» **Exercise goal**: Please reproduce the lines from the one containing "excellent wood metal" through the end of the data below exactly as they stand, and omit all pictures.

[Collected data Boundary: Start]

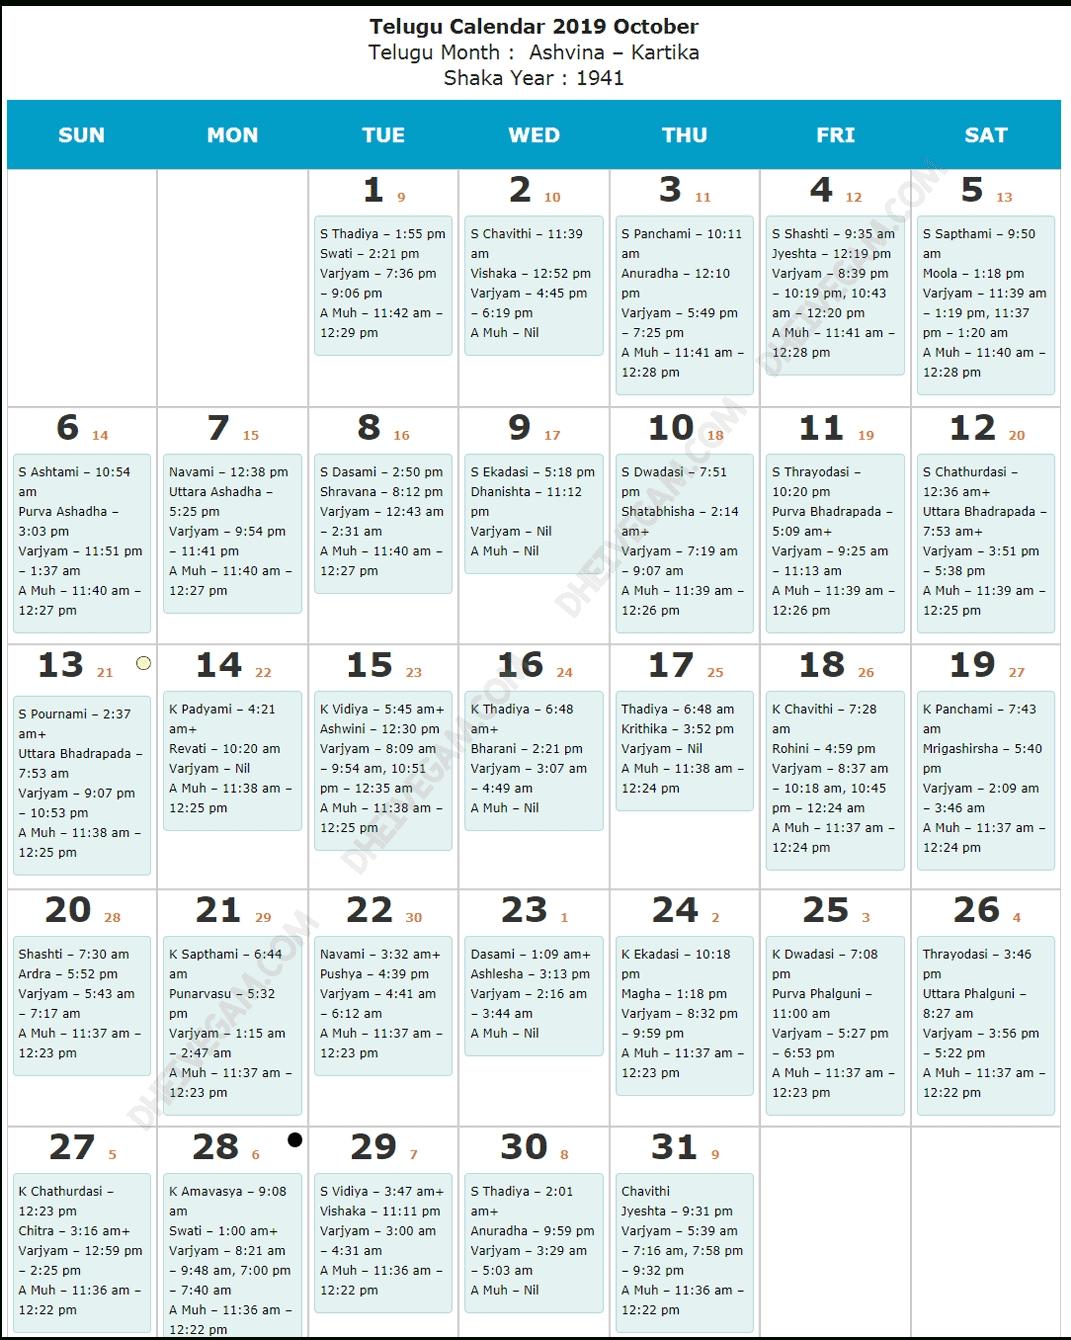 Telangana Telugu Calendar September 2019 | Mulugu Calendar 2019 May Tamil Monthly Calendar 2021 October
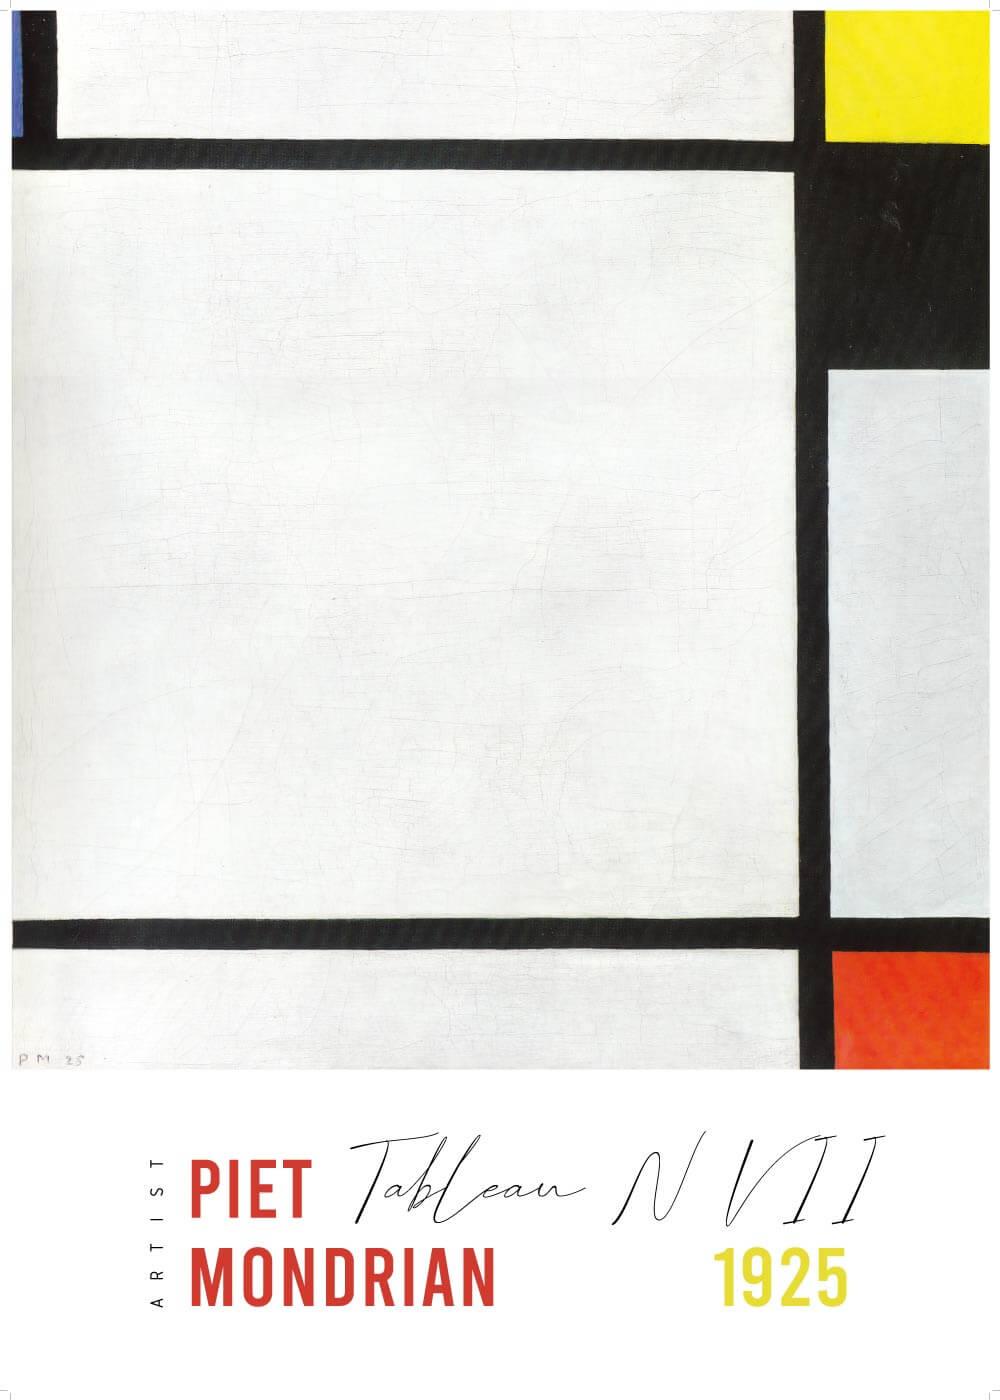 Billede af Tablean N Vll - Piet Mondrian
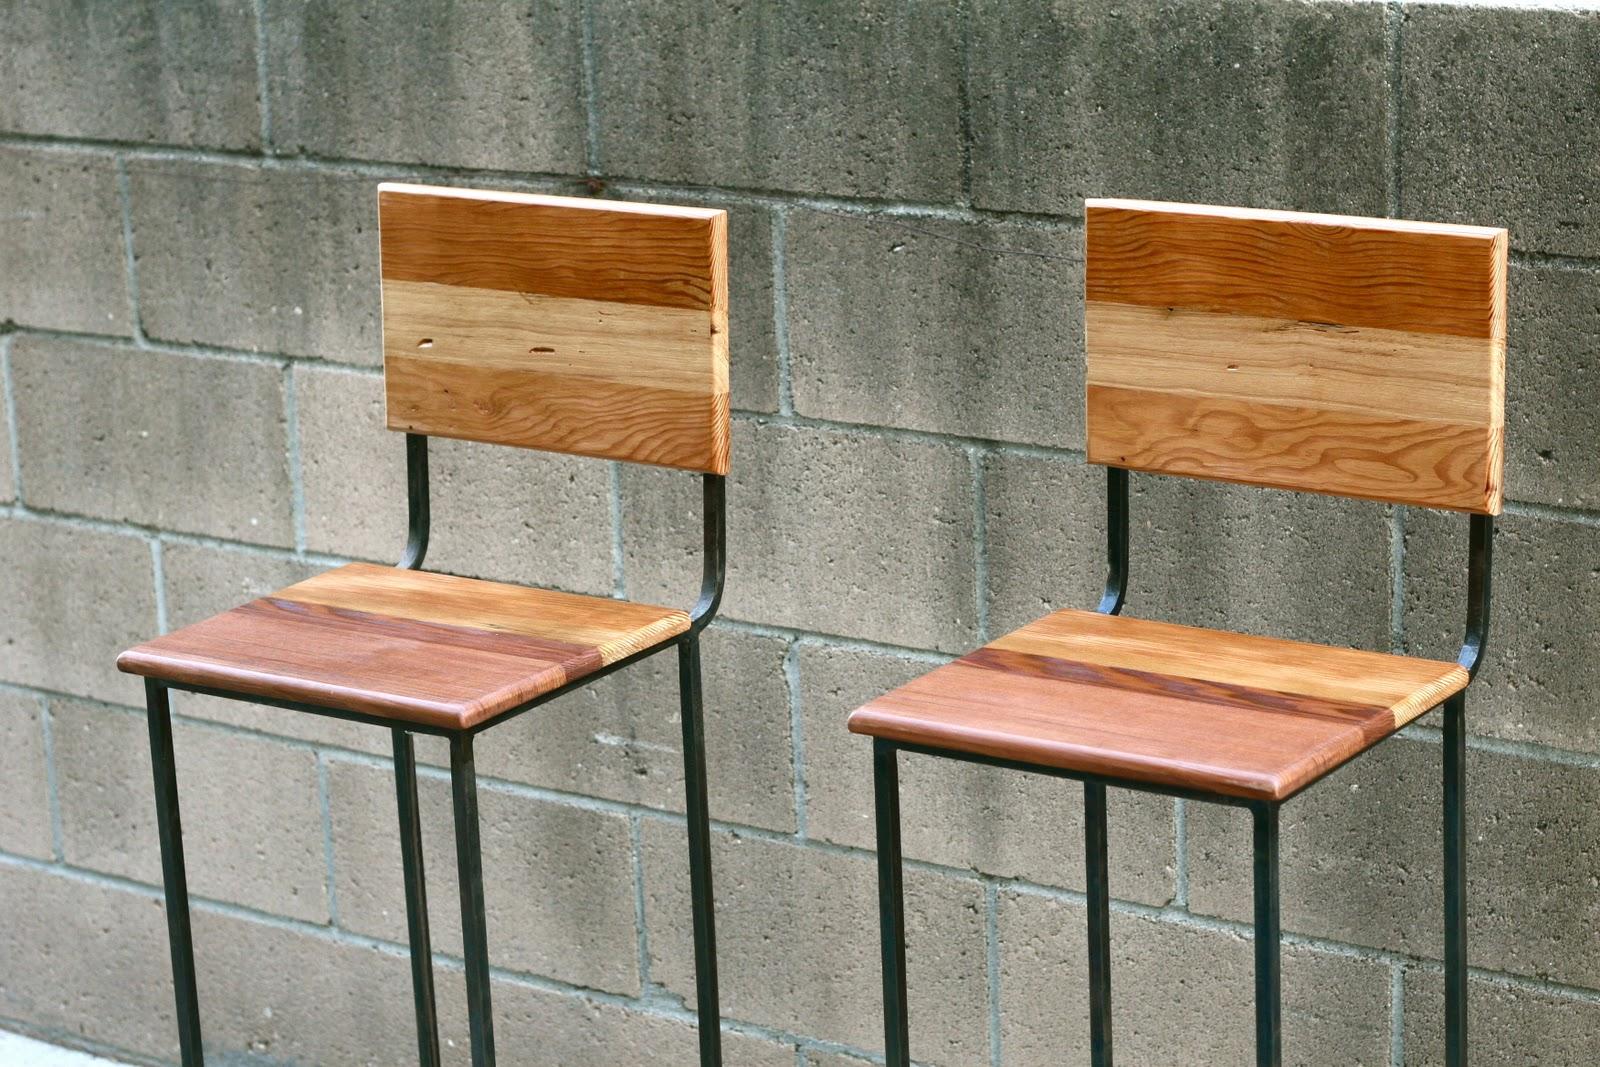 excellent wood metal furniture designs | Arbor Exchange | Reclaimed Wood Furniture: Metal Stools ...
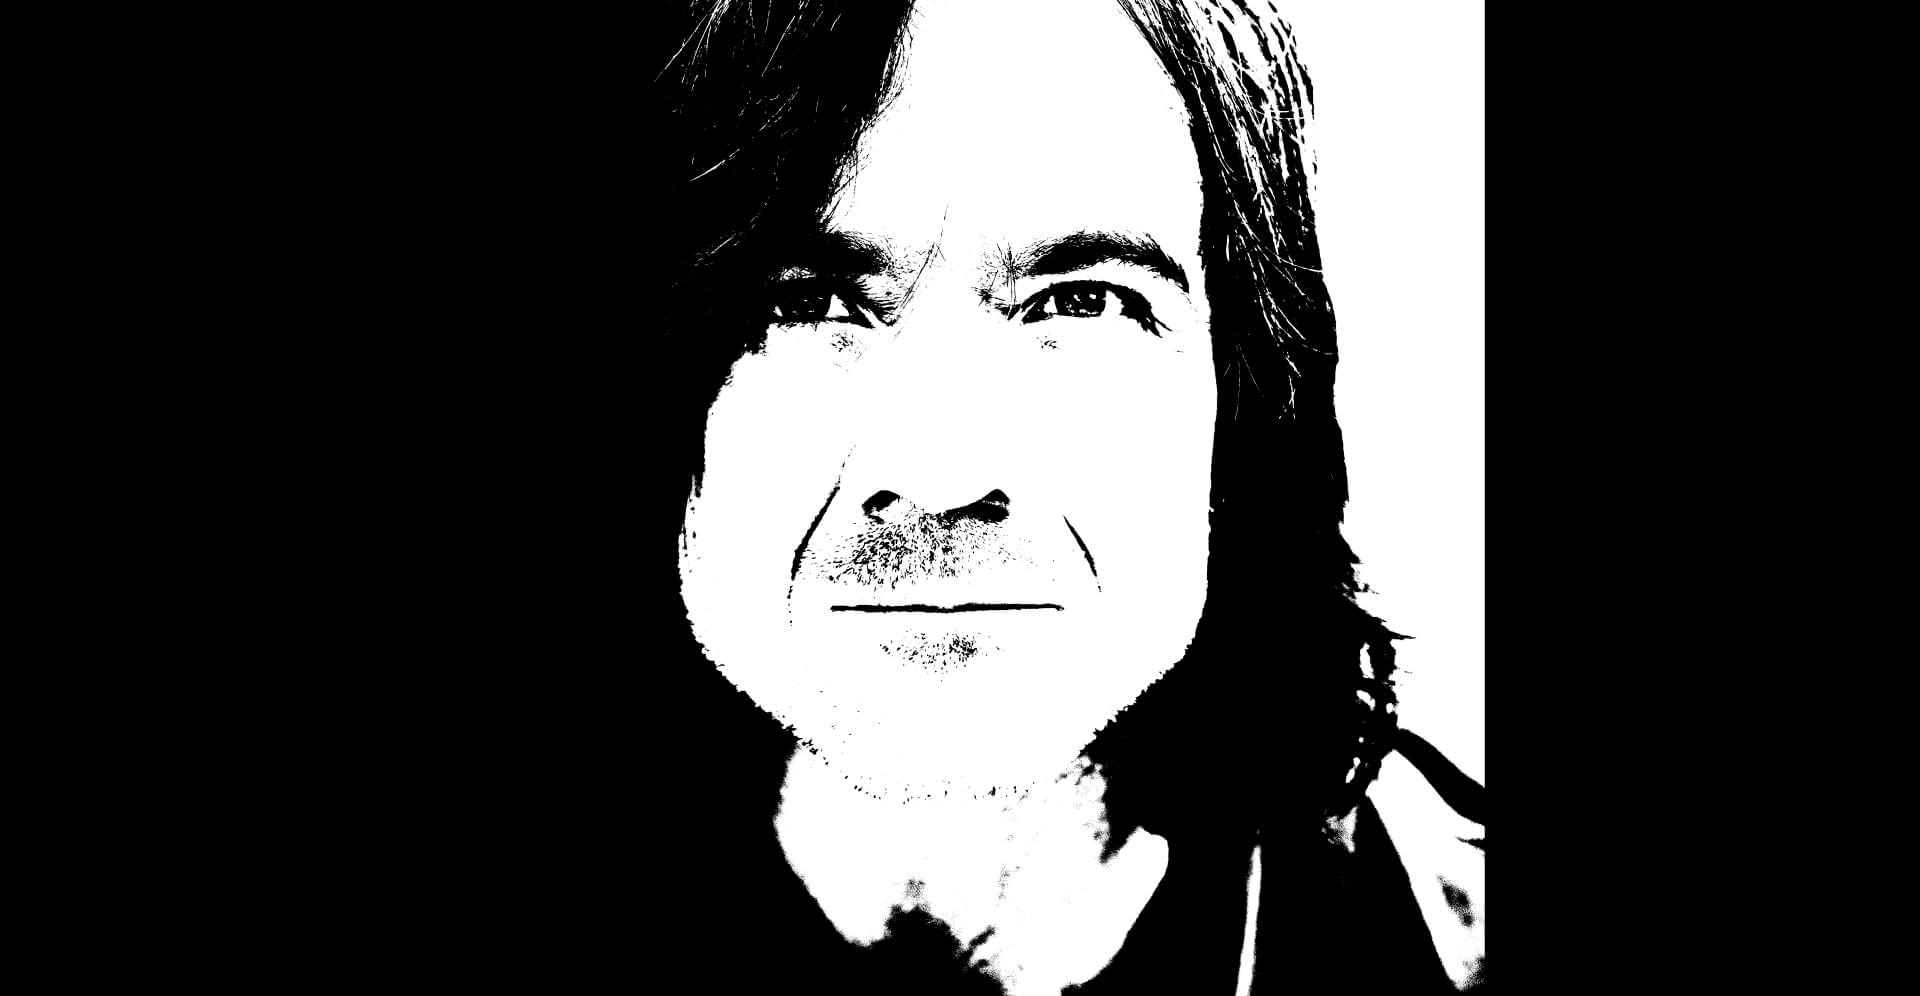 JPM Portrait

[Collected data Boundary: End]

» **Solution**:
 excellent wood metal furniture designs | Arbor Exchange | Reclaimed Wood Furniture: Metal Stools ...
 JPM Portrait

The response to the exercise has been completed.